Quantitative Trait Loci Mapping of Flag-leaf Ligule Length in Rice and Alignment with ZmLG1 Gene

The family Gramineae contains 10 000–11 000 species, including many important crops, such as wheat, rice, maize and sorghum. The results from comparative genomics (Binelli et al. 1992; Berhan et al. 1993; Dunford et al. 1995), phylogenetic analysis using conserved DNA sequences (Hsiao et al. 1993), and hybrid characters from distantly related species (Laurie et al. 1990) all suggested that rice and maize evolved from one common ancestor (Moore et al. 1995a, 1995b).
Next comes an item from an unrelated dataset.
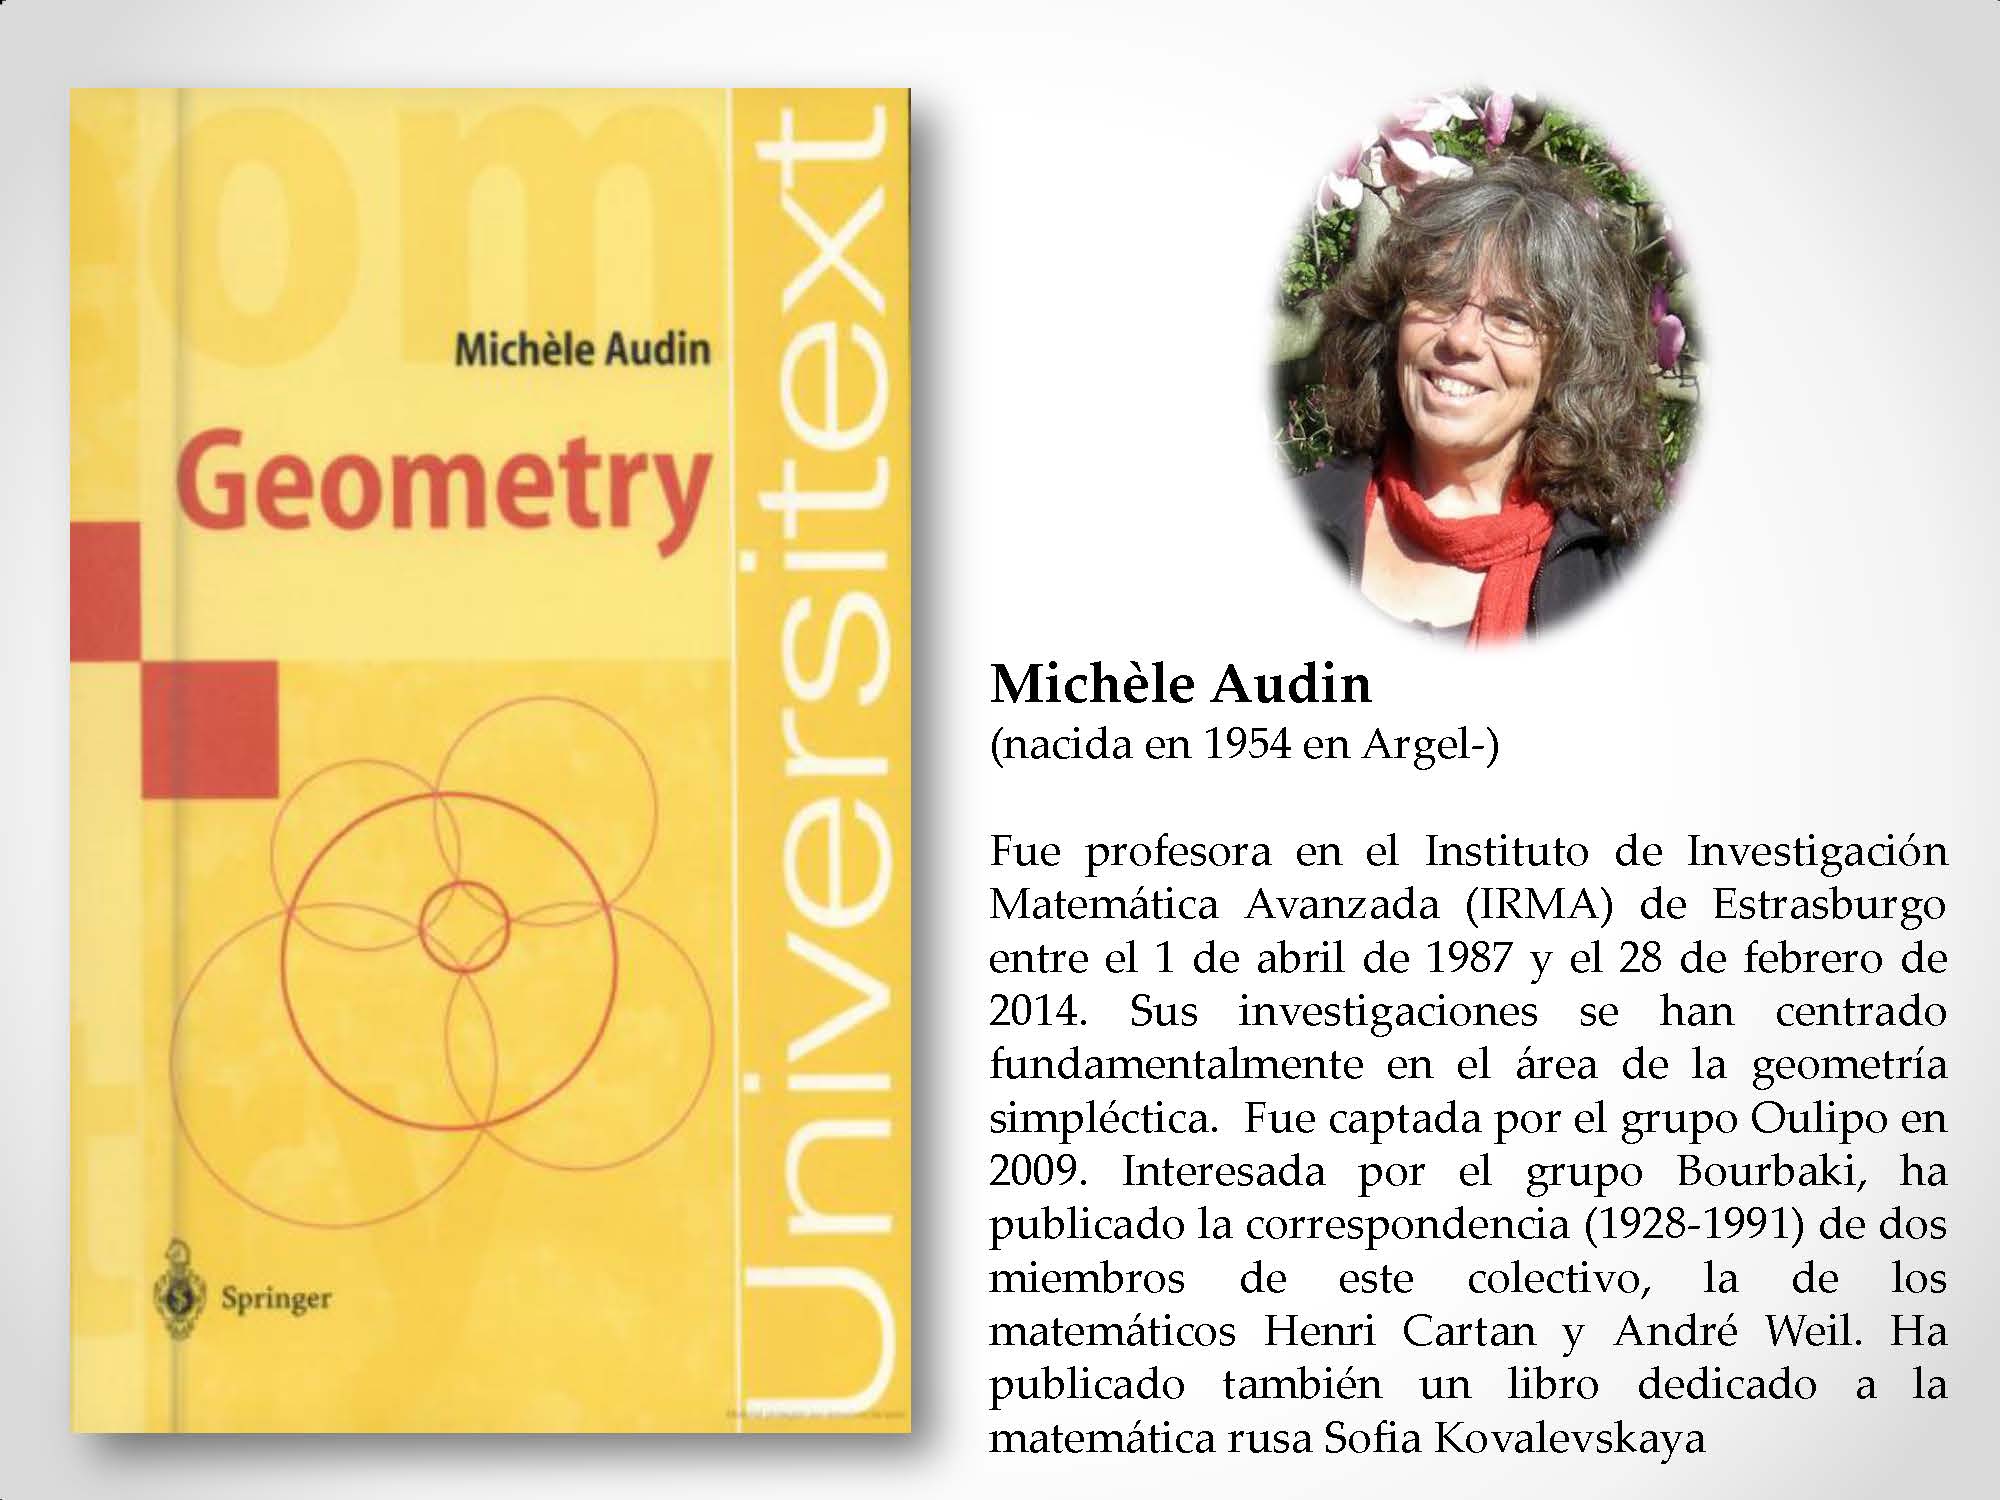 Michèle Audin (nacida en 1954 en Argel-) Fue profesora en el Instituto de Investigación Matemática Avanzada (IRMA) de Estrasburgo entre el 1 de abril de 1987 y el 28 de febrero de 2014. Sus investigaciones se han centrado fundamentalmente en el área de la geometría simpléctica. Fue captada por el grupo Oulipo en 2009. Interesada por el grupo Bourbaki, ha publicado la correspondencia (1928-1991) de dos miembros de este colectivo, la de los matemáticos Henri Cartan y André Weil. Ha publicado también un libro dedicado a la matemática rusa Sofia Kovalevskaya

The divergence between rice (Oryza sativa) and maize (Zea mays) is believed to have diverged ∼50 Mooremya (Bennetzen and Freeling 1993) from a common ancestor.

Morphological features of leaf ligules are used as a key identification index of taxonomy in grasses. For example, cereal crops such as rice, maize and wheat, usually possess a ligule, whereas barnyard grasses (Echinochloa crusgalli) do not. The ligule length was also used in the infraspecific classification of Helictotrichon desertorum (Josef 1972). Although most rice varieties contain ligules, different varieties usually contain various ligule lengths or shapes. O. officinalis bears a short and triangular ligule. The ligule of O. meyeriana is nearly semicircular. African cultivated rice exhibits a shorter ligule with a rounded tip.

Because of the well descriptive characterization, Z. mays was as an excellent model for the study of leaf development (Sylvester et al. 1990). Some mutants involved in the elimination/development of ligule and auricle such as eta, kn1, lg1 and lg2, were identified or cloned in maize (Vollbrecht et al. 1991; Fowler and Freeling 1996; Moreno et al. 1997; Walsh et al. 1998; Osmont et al. 2003). lg1 removes the ligule and auricle in all but the uppermost leaves of the plant. The boundary between the sheath and the blade of lg1 is at a position similar to that in wild type but is less distinct (Becraft et al. 1990). LG1 encodes squamosa-promoter binding proteins and expresses in the developing ligular region (Moreno et al. 1997). lg2 was lacking in ligule and auricle only on the lowest leaves of the plant. Its ligule and auricle begin to appear at the leaf margins on higher leaves (Harper and Freeling 1996). It encodes a basic leucine zipper protein and is involved in the establishment of the leaf blade-sheath boundary (Walsh et al. 1998). In addition to LG1 and LG2, others are also involved in ligular region development in maize. The kn1 (knotted 1) mutant causes the formation of ectopic knots (Vollbrecht et al. 1991). The lg3 (Liguleless 3) mutant transforms blades to sheaths (Muehlbauer et al. 1997), and gnarley1 (gn1) produces altered ligules and sheaths (Foster et al. 1999). These mutants also affect ligular region development.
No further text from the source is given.